Frog Dreaming
"As much as I admire individualism and independence, it is difficult for me to sympathize with courage carried to such an extreme for no compelling reason. Although others have recommended this film for children, I can’t agree. It is the stuff of which nightmares are made– And Cody’s reckless behavior, despite his admirable traits, makes him something of an anti-hero."
"The Quest," released in Australia in 1986 as "Frog Dreaming," was a film I obsessed over as a young boy. A 14 year old kid played by Henry Thomas is sent to Australia to live with his uncle after his mother and father are killed in an accident, and stumbles upon an abandoned rock quarry with a muddy pond at the bottom. The surrounding area is littered with scrap metal, vintage machine parts, and derelict hulks. The place, he learns, is haunted by a monster the aboriginals call "Dahnk-a-gin" which lives in the pond, and he spends the entire movie trying to get to the bottom of it’s nature and origin.
The movie posesses multiple characteristics that are typical facinations of mine, and may have had a part in implementing some of them, as it became my favorite movie quite early on. The movie opens with an old man fishing in the pond; his line becomes tight and starts being drawn out into the murky water as the suspense for some yet unseen horror begins to mount. The center of the pond begins to bubble profusely, and the old man panics and races back to shore, only to turn and face the creature that appears to be rising from the water. The audience is given a glimpse of something black and slimy appearing amidst the bubbles, and then sinking again. The old man dies of fright, and his bones are discovered by the boy later.
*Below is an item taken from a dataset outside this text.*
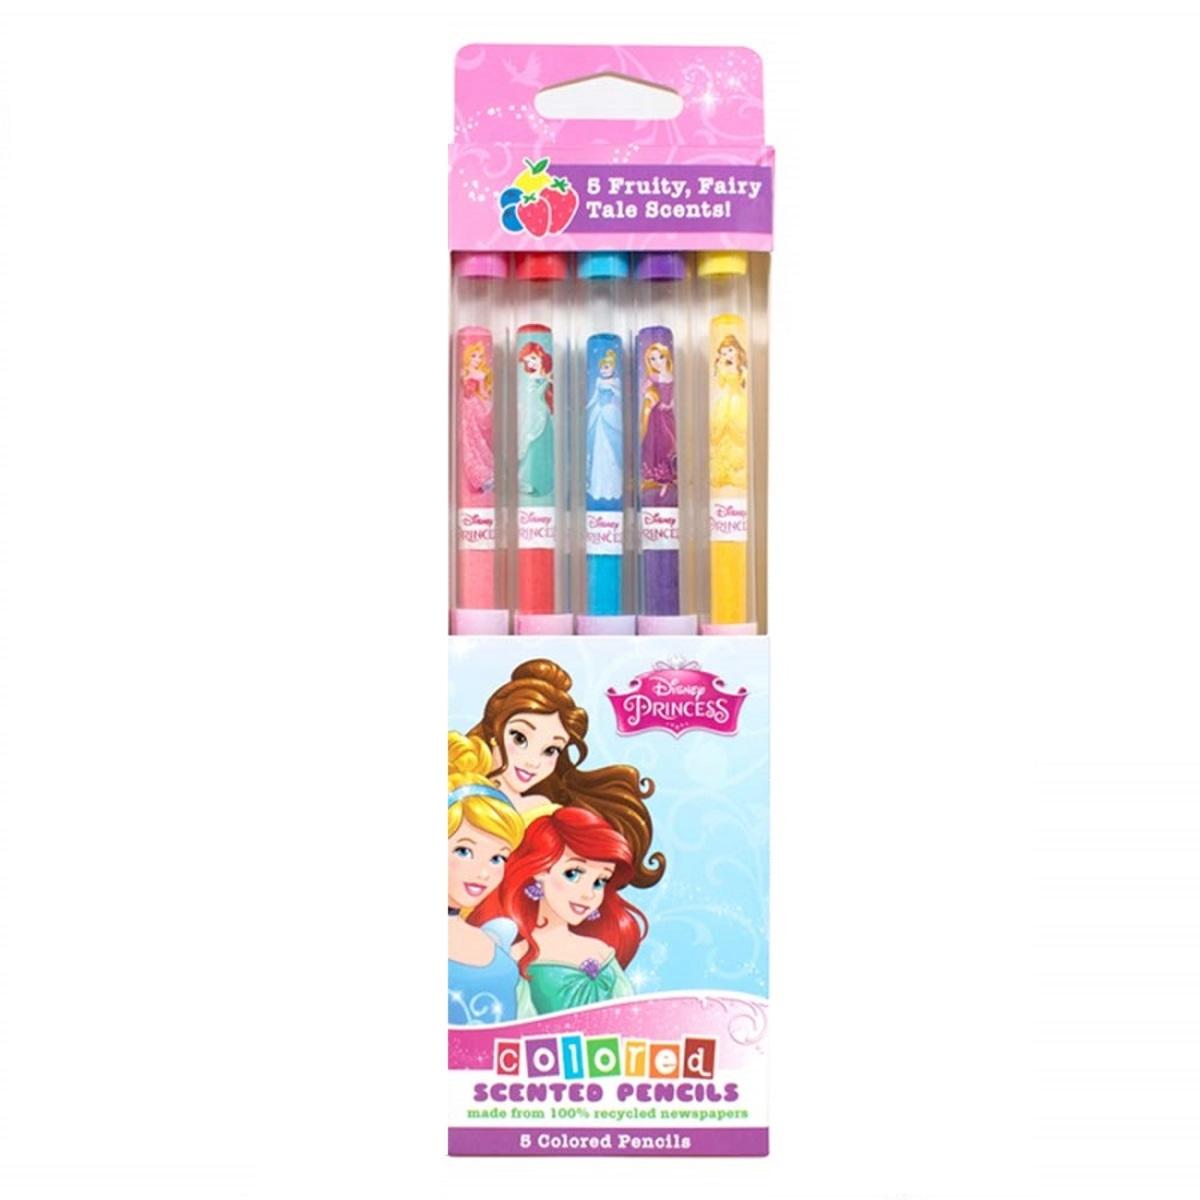 The Disney Princess Coloured Pencils 5-pack DP4007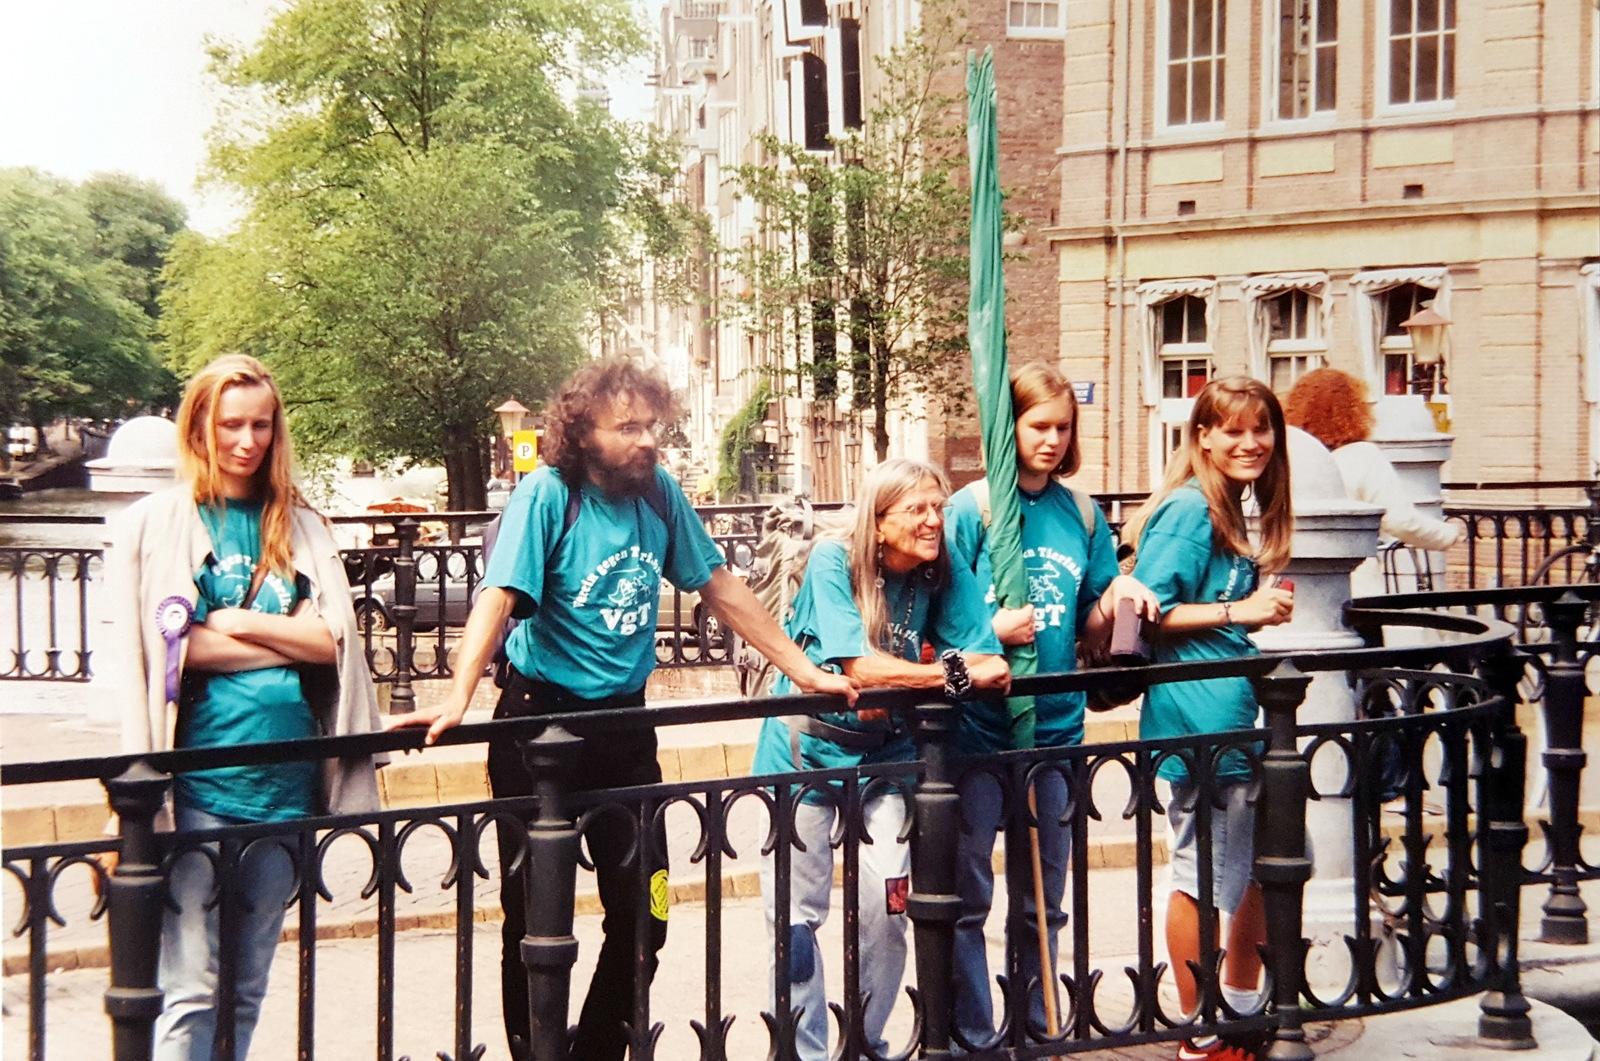 1997-06-16-amsterdam-demo-4

The movie ties folk lore and left-behind industrial era machinery together, with all of the beautiful and creepy MO’s of the pre-CGI days of the 1980s. Eventually the boy puts on a -very- old (and very questionable) diving suit and wanders into the depths of the pond to seek out the monster. His friends on shore hold a hose connected to his suit, allowing him to breathe, and the audience is taken under water with the boy to explore all of the ancient by-gone relecs of a once active rock quarry. Eventually the mysterious bubbles consume the boy, the line is snapped, and he doesn’t resurface.
Presumed dead, locals drain the pond for the boys body… but by doing so, uncover the monster that the aboriginals (and audience) had feared so much. When the pond is drained several meters, the monster rises up to where the surface once was. While character’s backs are turned, we see the ominous shadow of the great beast rising quietly along the wet quarry wall, dripping and covered with weeds. The innitial fright of the onlookers soon turns to amazement as we learn that the monster is a mere steam engine left behind prior to the quarry’s flooding and somehow still running. The bucket of the digger would reach up above the water, collect air, and draw it back down. The name given to the beast, "Dahnk-a-gin," we then learn is merely "Donkey Engine," the 1950s make and model of that particular steam shovel. The boy, safe inside of the bucket’s air pocket with his foot simply stuck, is then rescued.
"There are films that you can’t remember the day after you watch them, but sometimes there is a film which is different; one which gives you something more than any other and which becomes a part of your own life. The day I saw this movie my soul went to the bottom of that muddy pond, and it never came back. May I remain there forever…in a dream time."